## Aim of the exercise
Starting at the line with "When Conor McGregor", copy each line through the last one below exactly as written, without any pictures.

## Information given

● ● ● ● ● ● ●

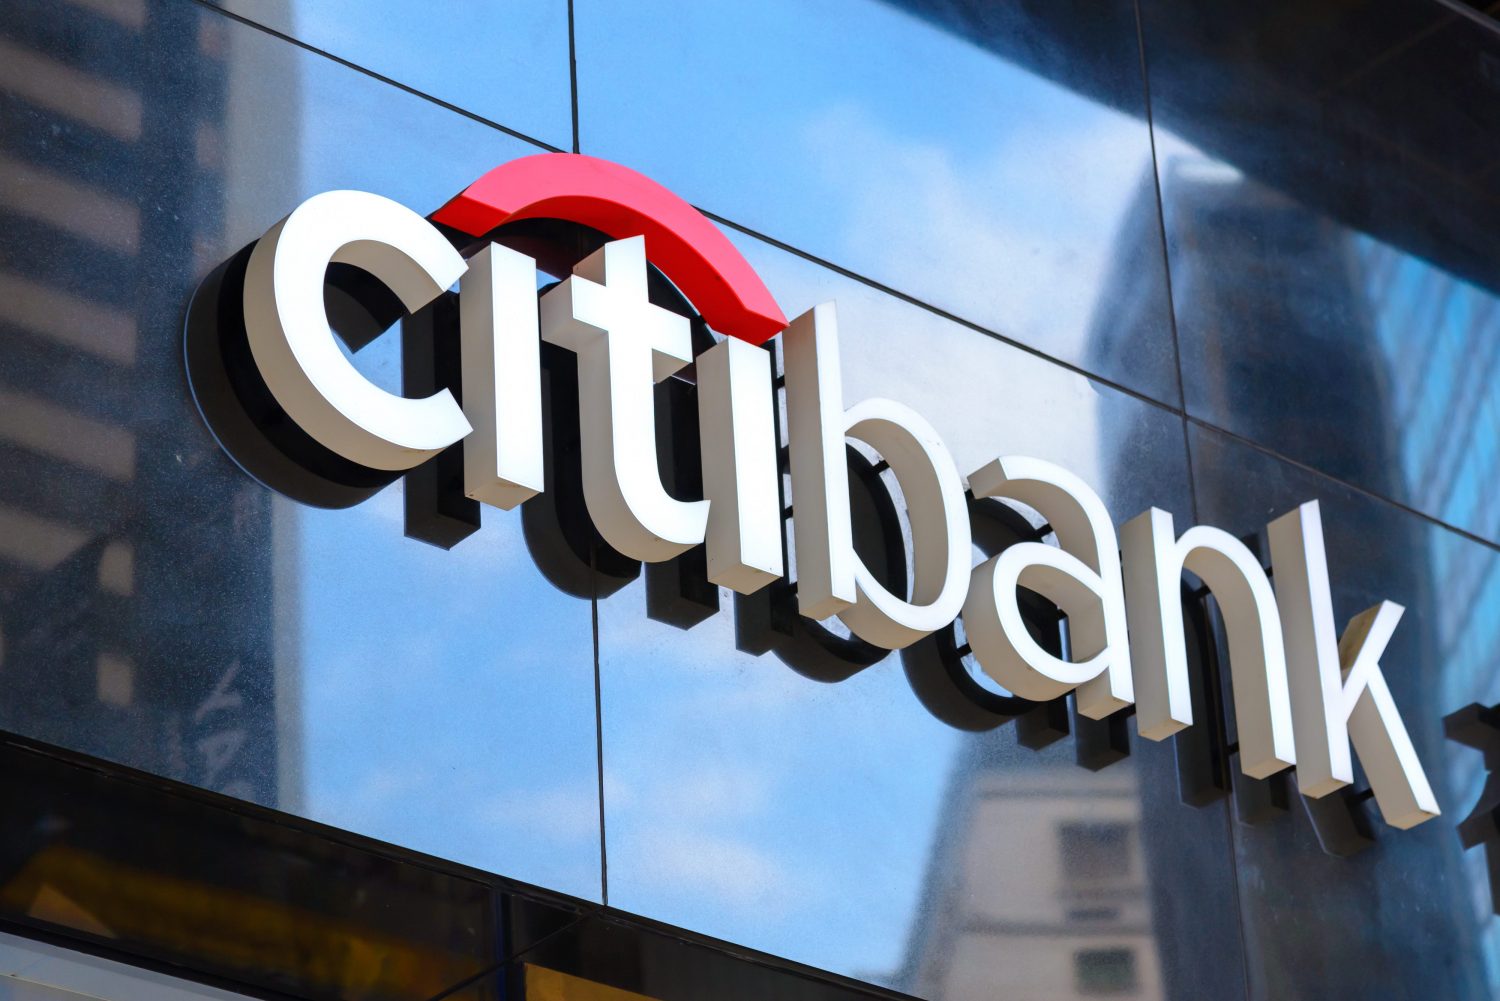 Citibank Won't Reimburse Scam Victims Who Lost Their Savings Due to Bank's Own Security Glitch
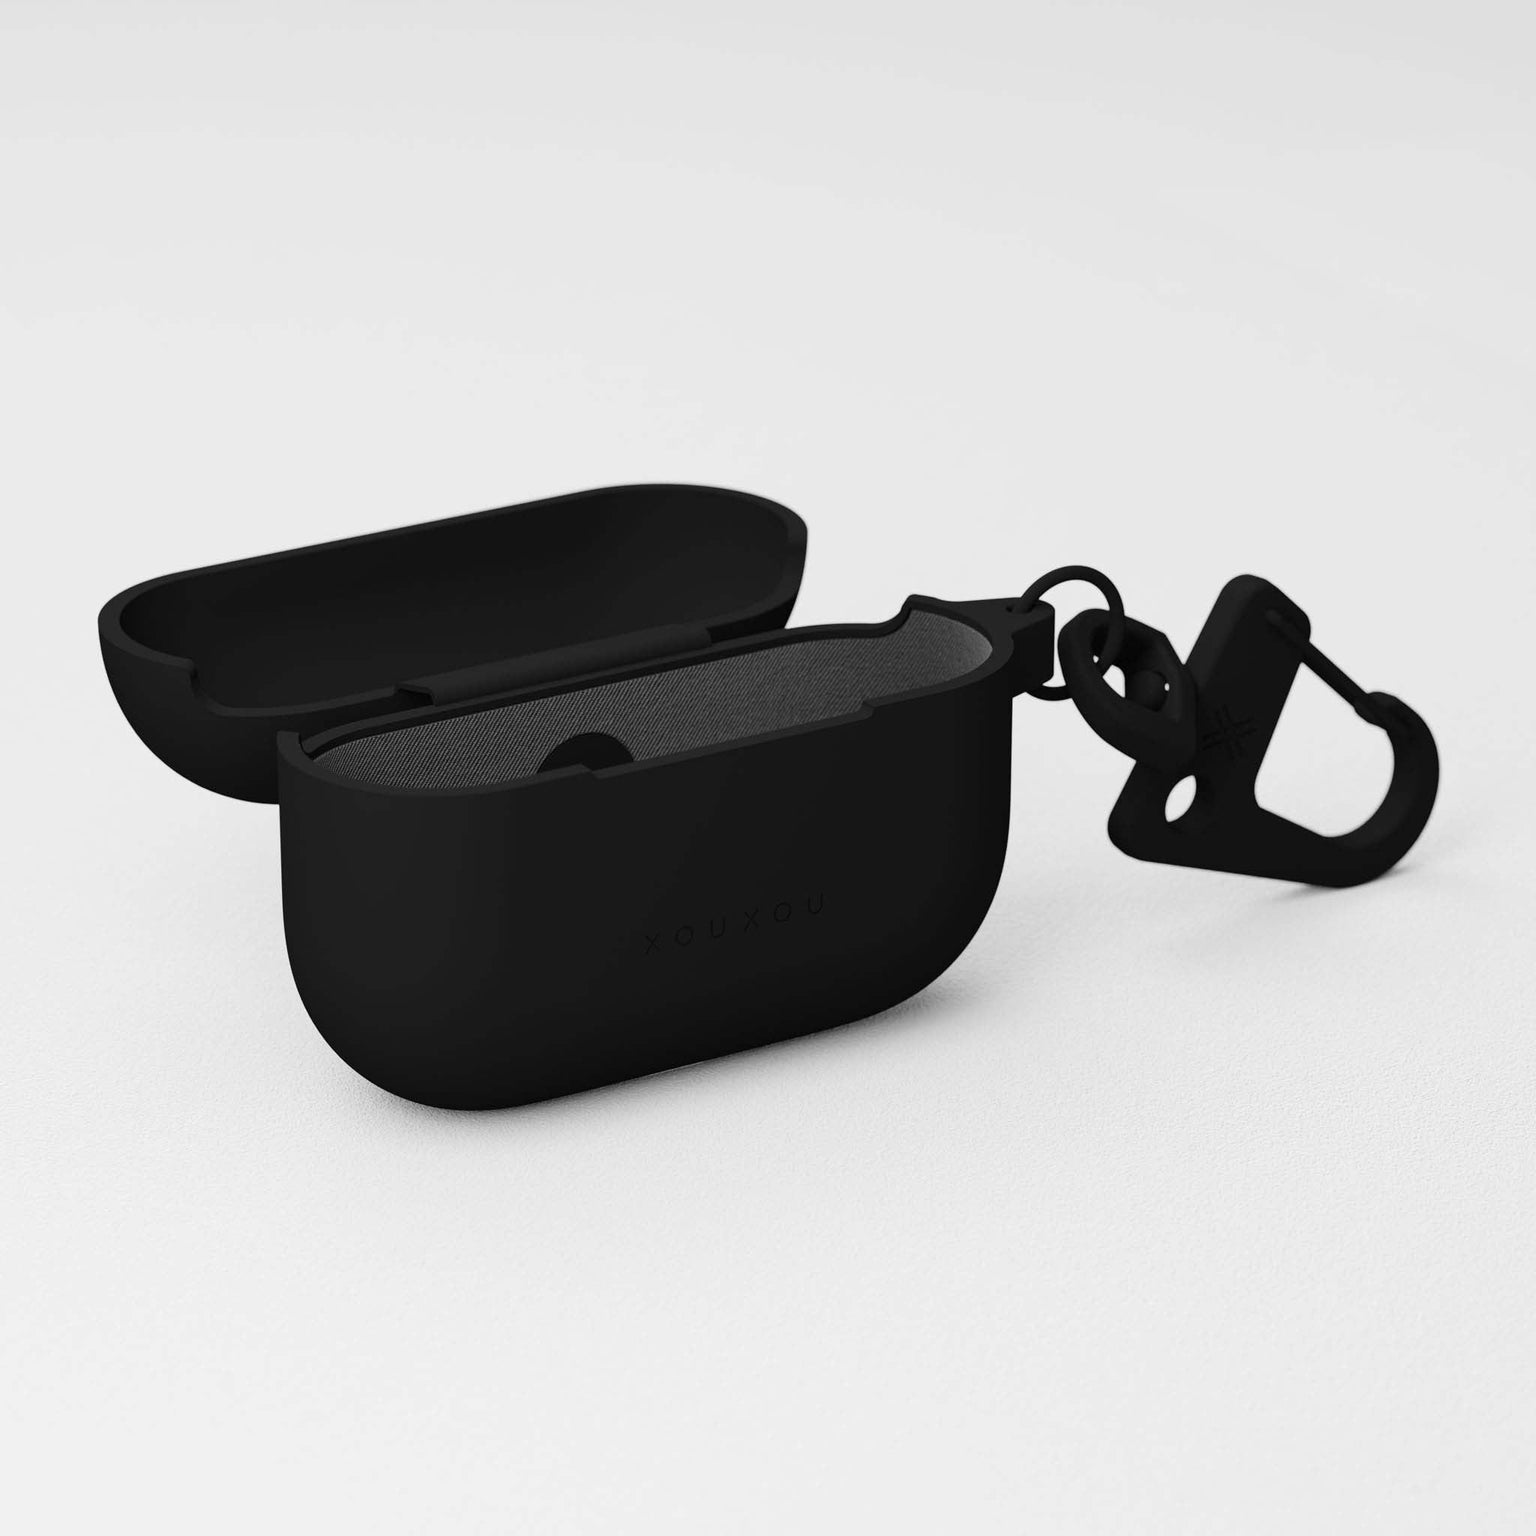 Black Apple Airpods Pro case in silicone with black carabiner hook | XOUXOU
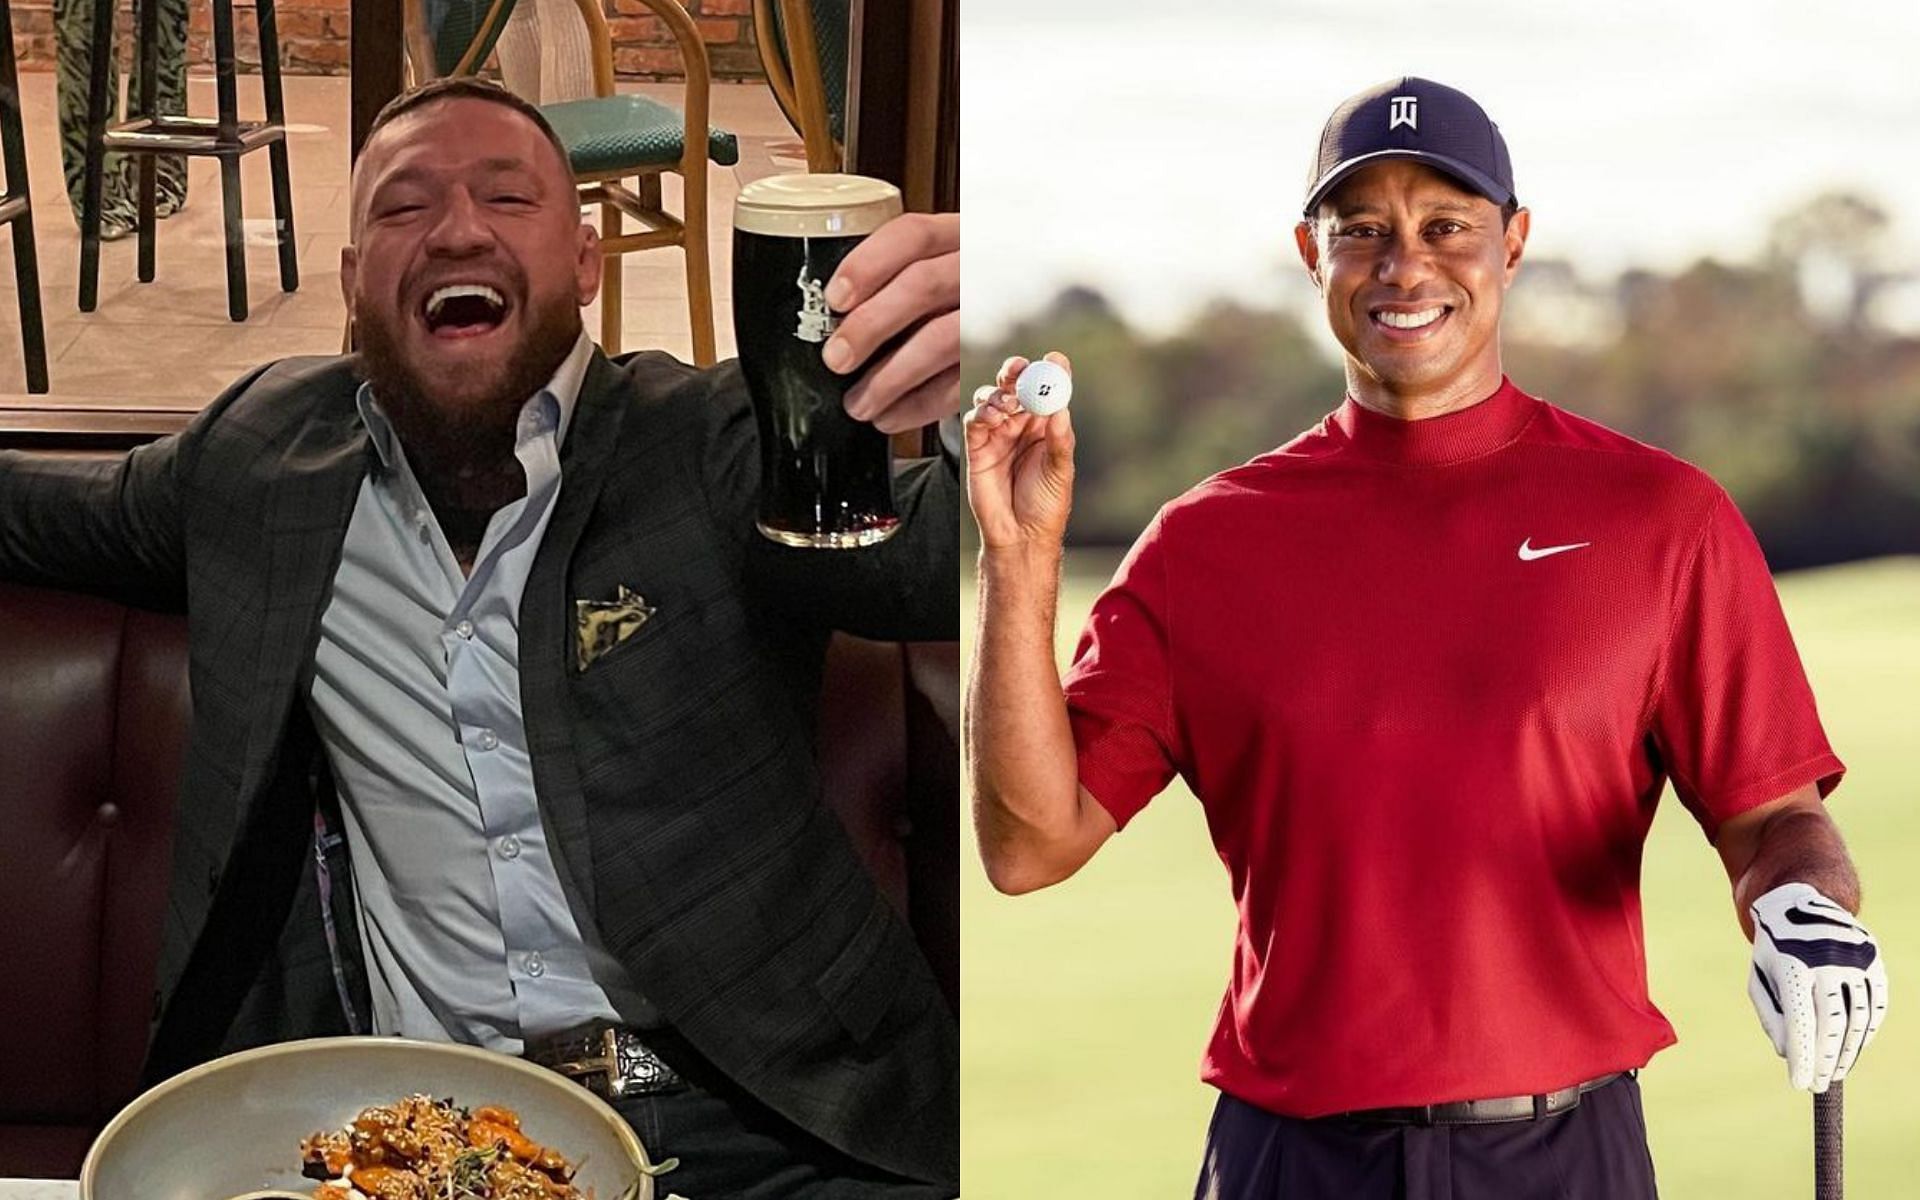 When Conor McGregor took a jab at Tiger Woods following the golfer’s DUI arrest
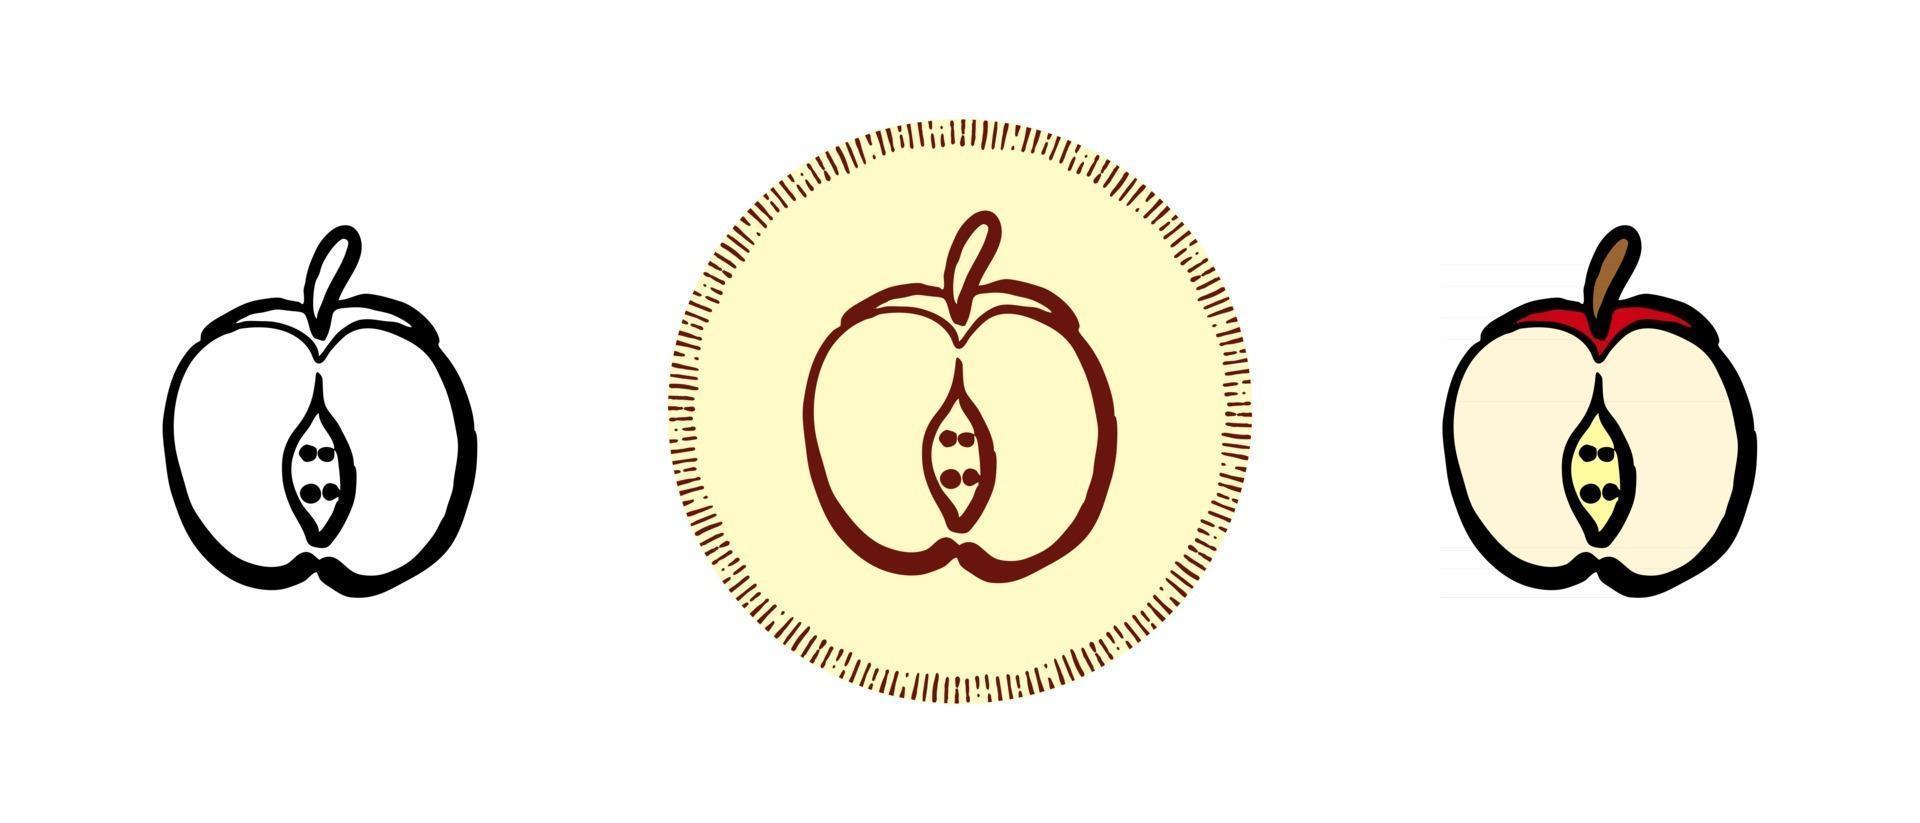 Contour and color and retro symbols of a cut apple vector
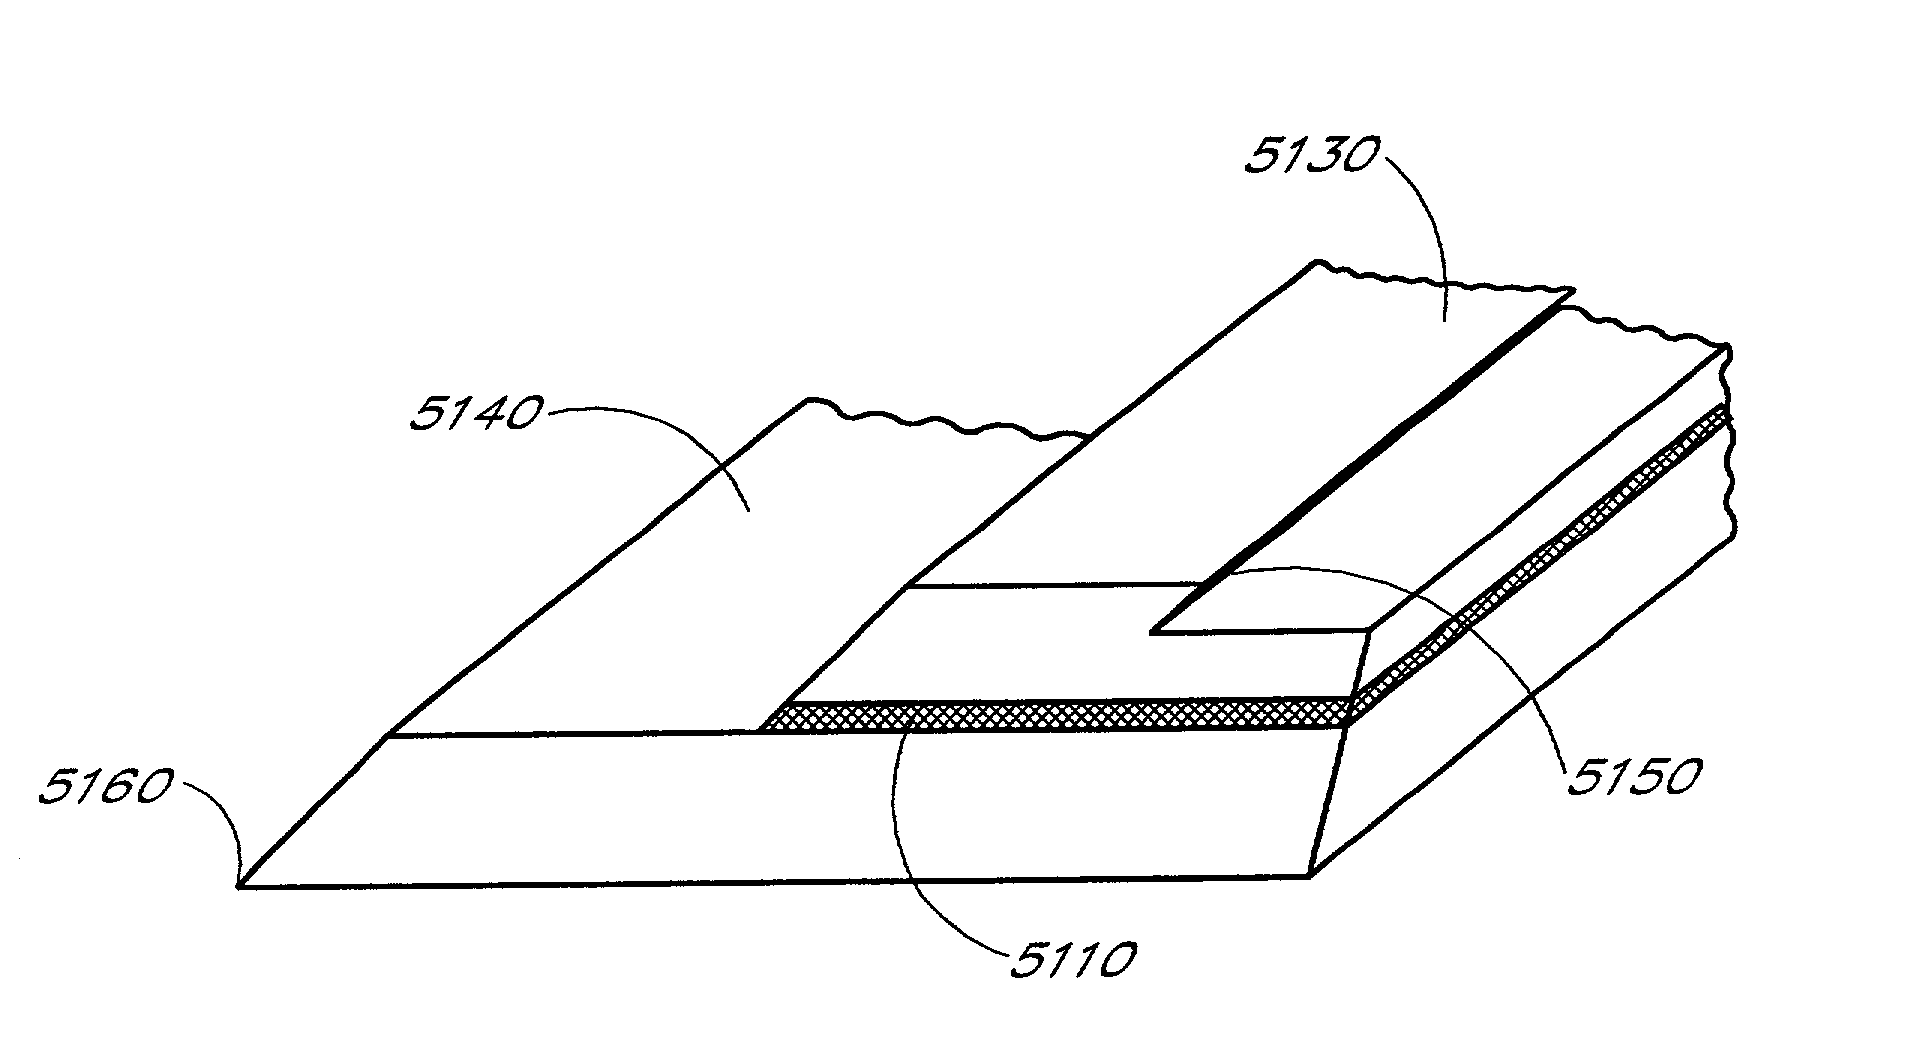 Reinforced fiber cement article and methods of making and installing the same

● ● ● ● ● ● ●

## Exercise output
 When Conor McGregor took a jab at Tiger Woods following the golfer’s DUI arrest
 Contour and color and retro symbols of a cut apple vector
 Reinforced fiber cement article and methods of making and installing the same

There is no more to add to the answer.